Give back the exact lines of the material below from the one containing "Motörhead - Snake Bite Love - Vinyl" through the one containing "Vic Matié Travel Pump Sandals - Black", and no pictures.

• Data records:
:::::

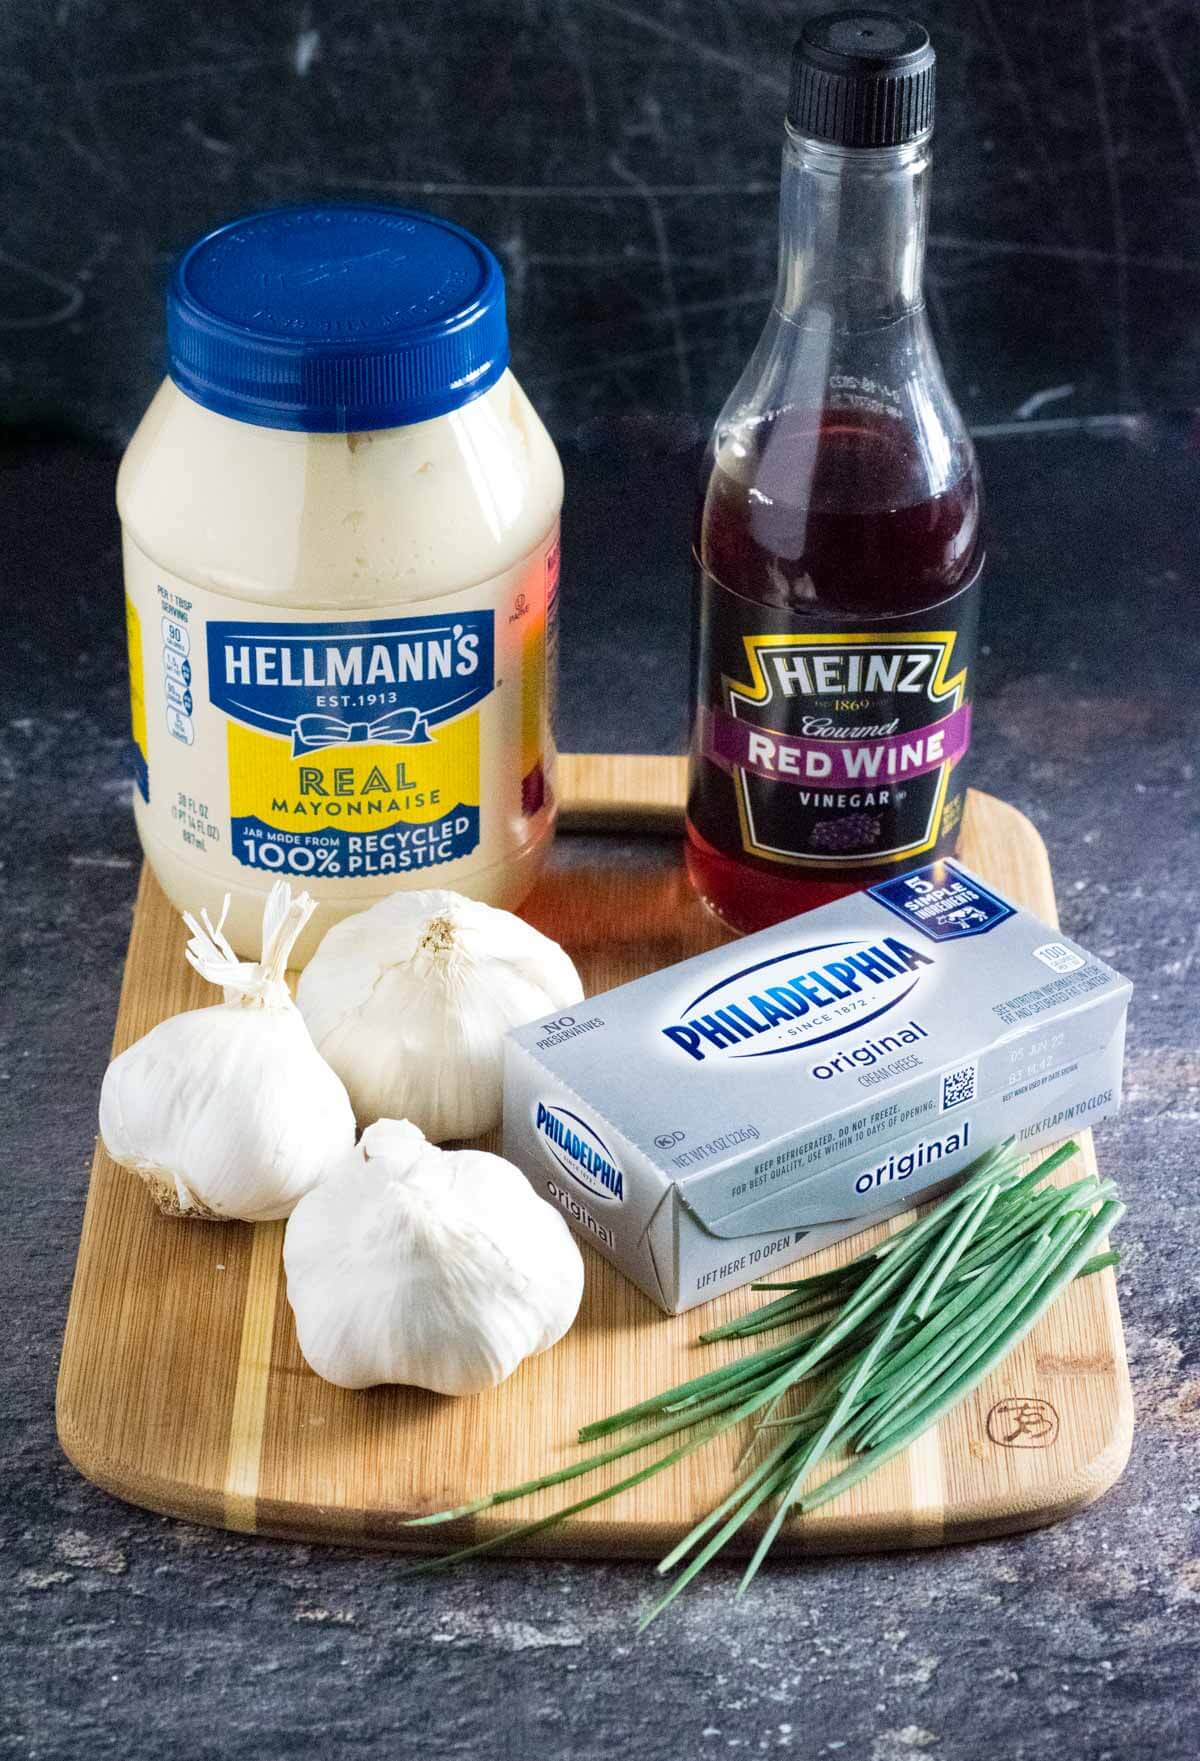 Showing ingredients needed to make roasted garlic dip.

:::::

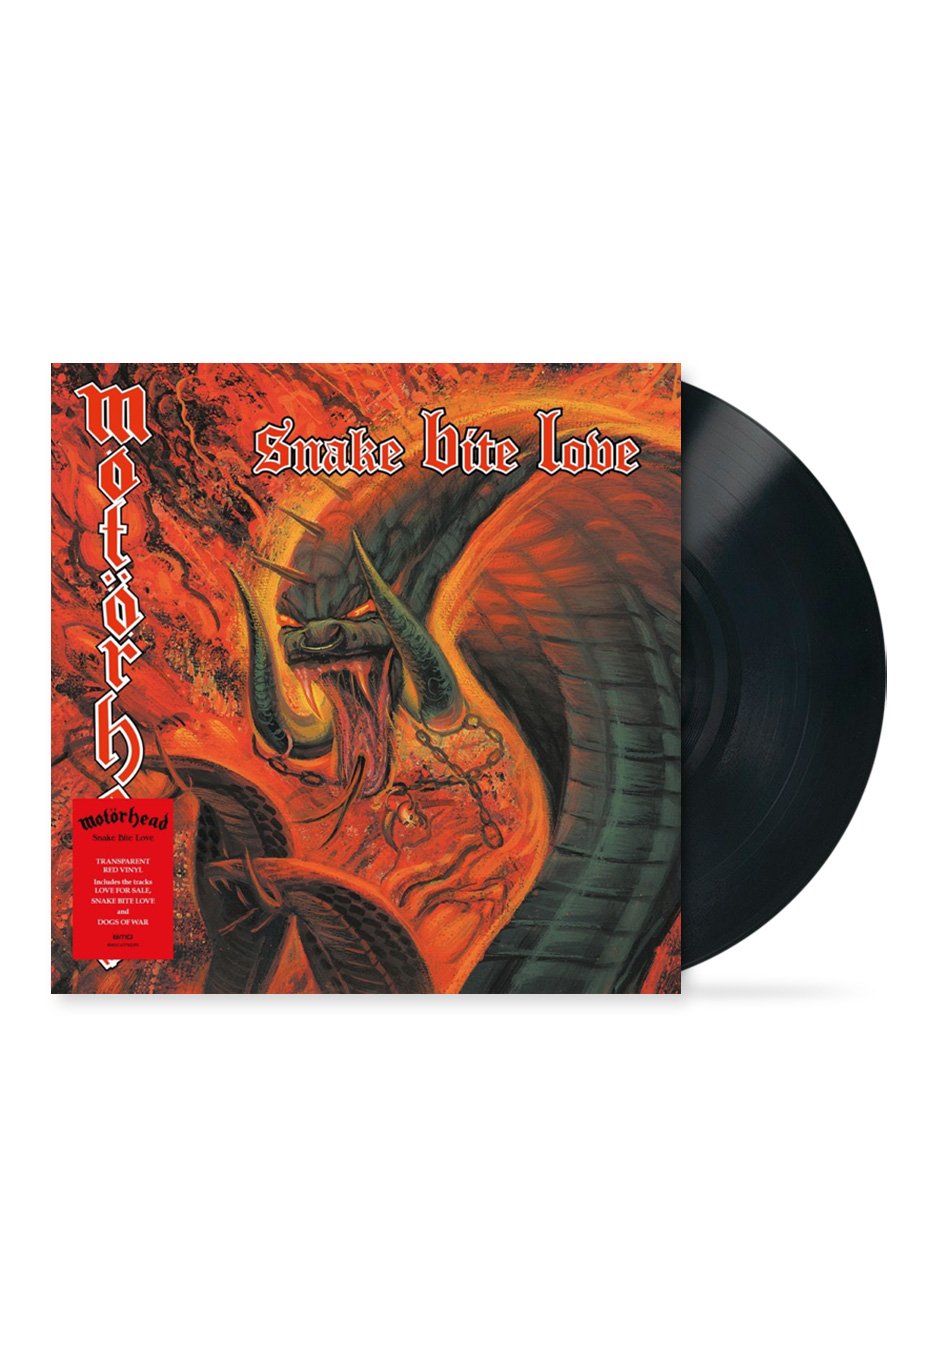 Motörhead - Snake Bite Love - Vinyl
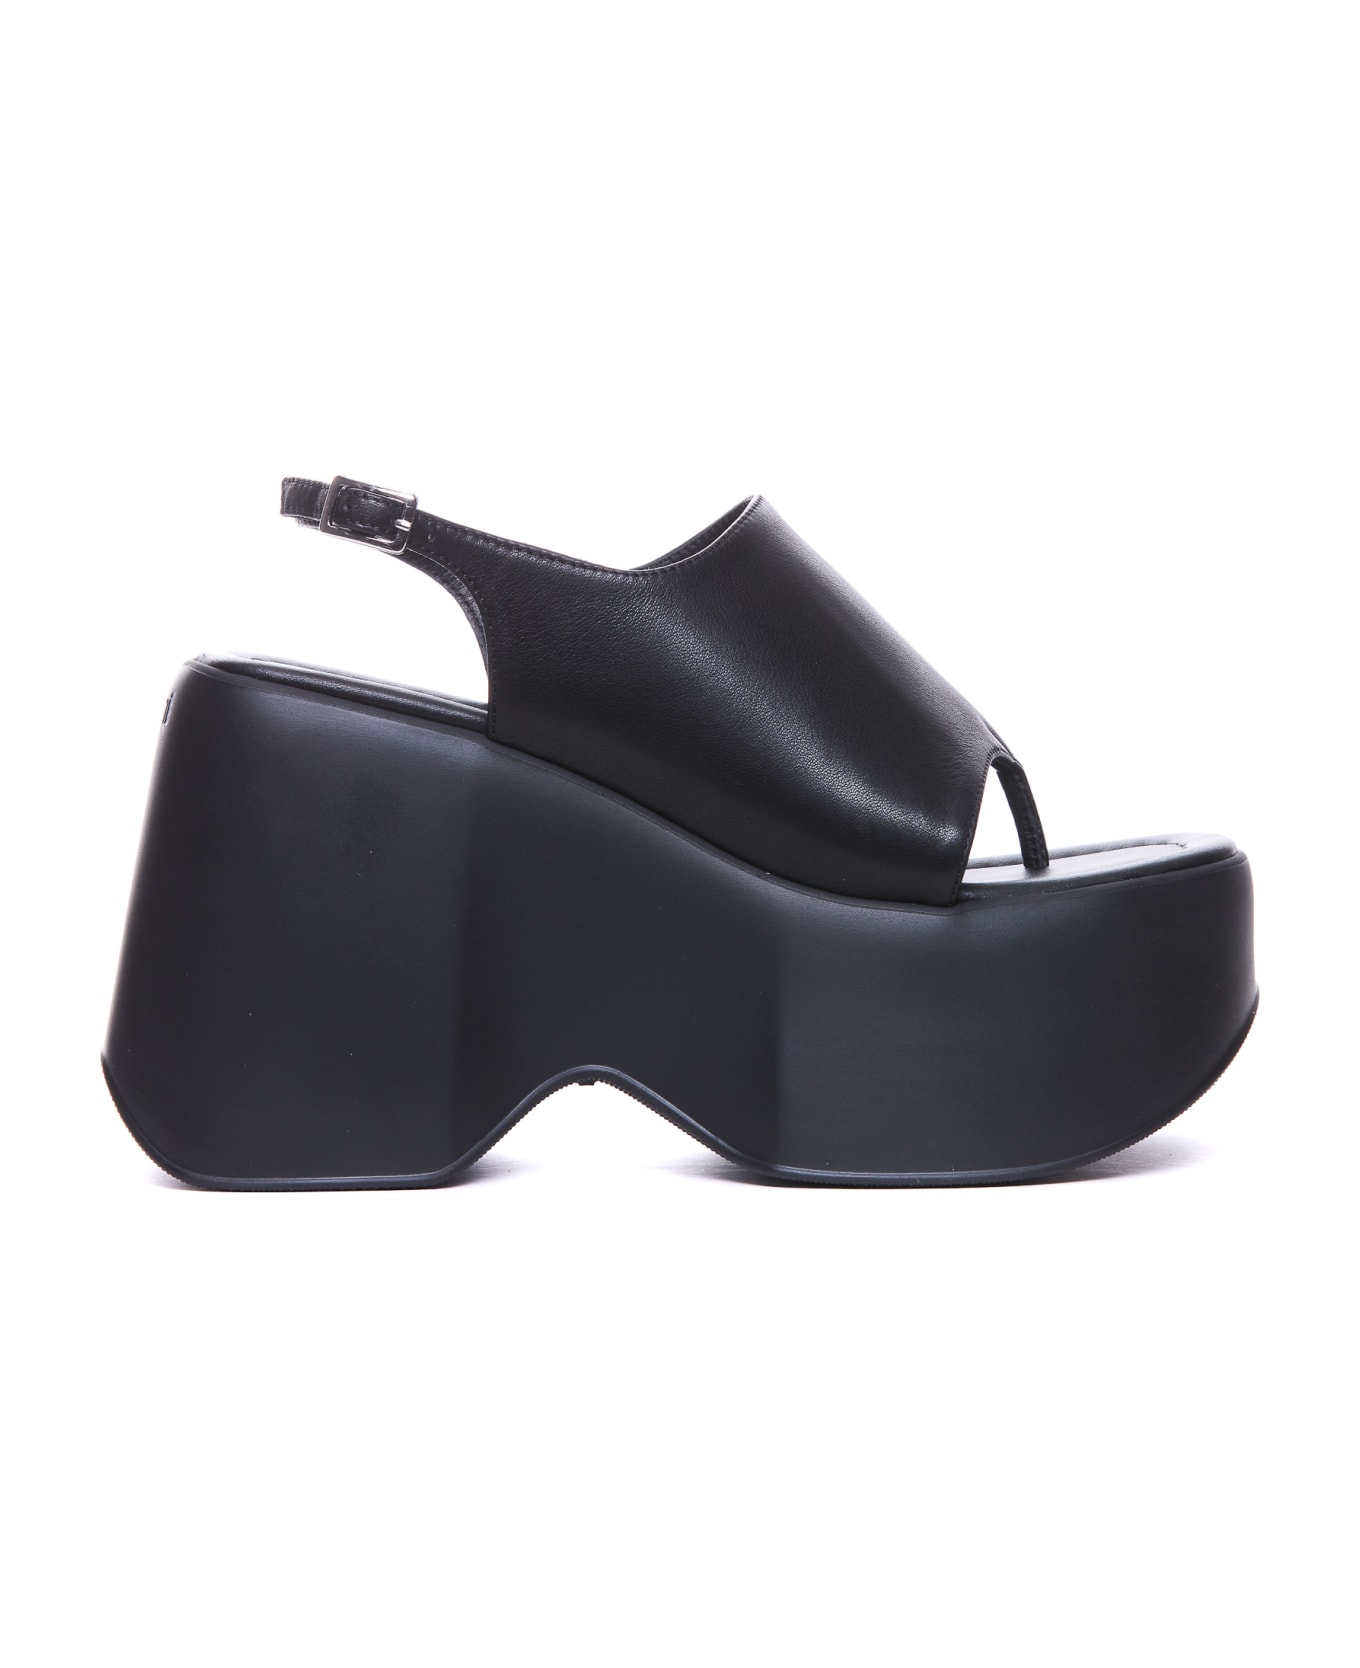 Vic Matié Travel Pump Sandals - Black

:::::

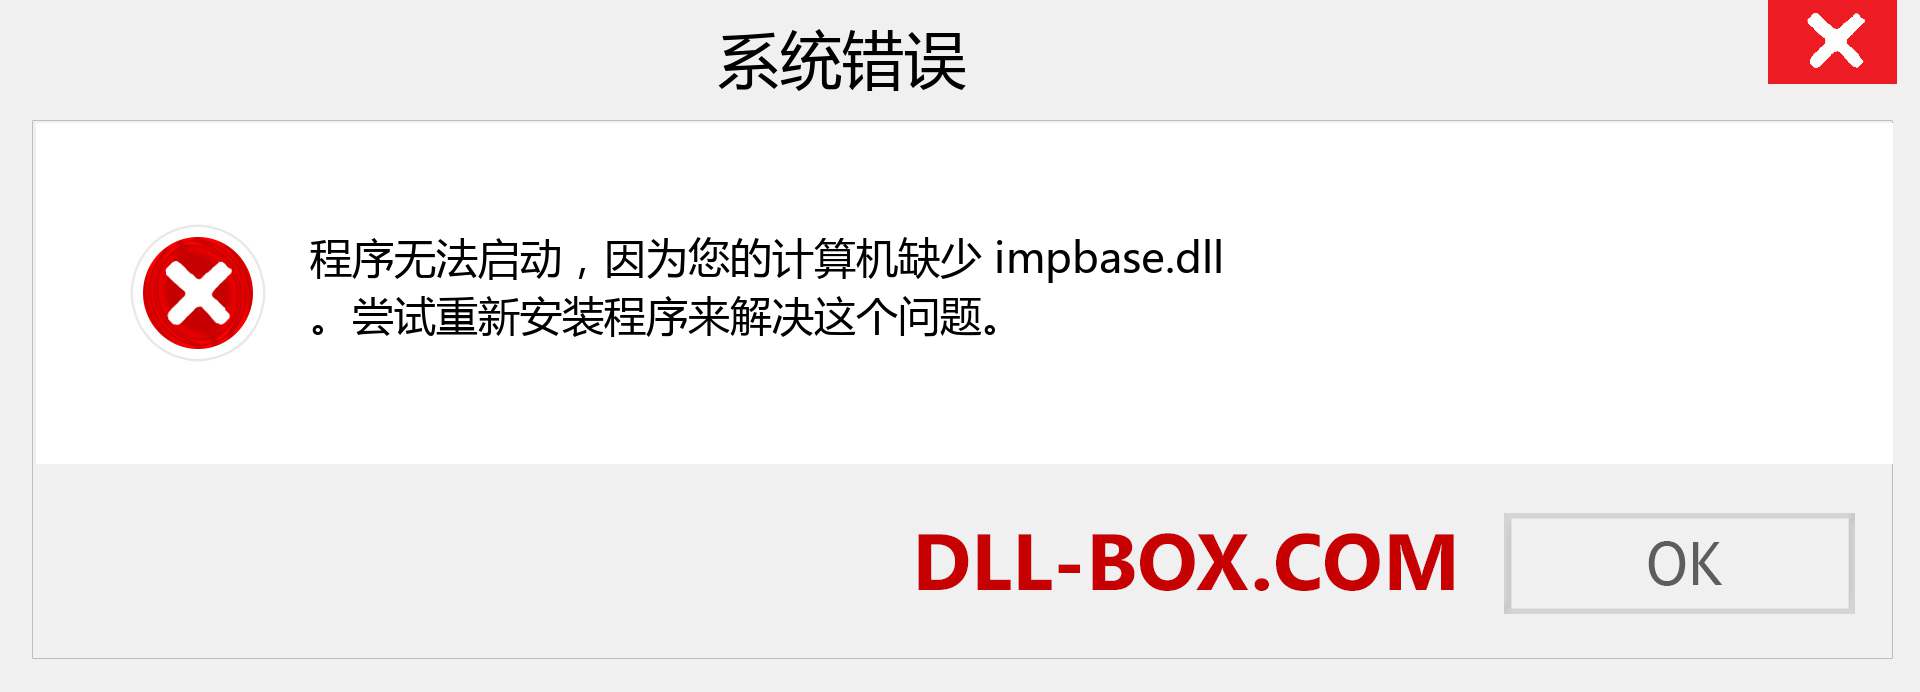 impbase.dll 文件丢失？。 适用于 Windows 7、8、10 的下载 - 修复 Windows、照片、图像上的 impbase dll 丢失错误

:::::

• Task solution:
 Motörhead - Snake Bite Love - Vinyl
 Vic Matié Travel Pump Sandals - Black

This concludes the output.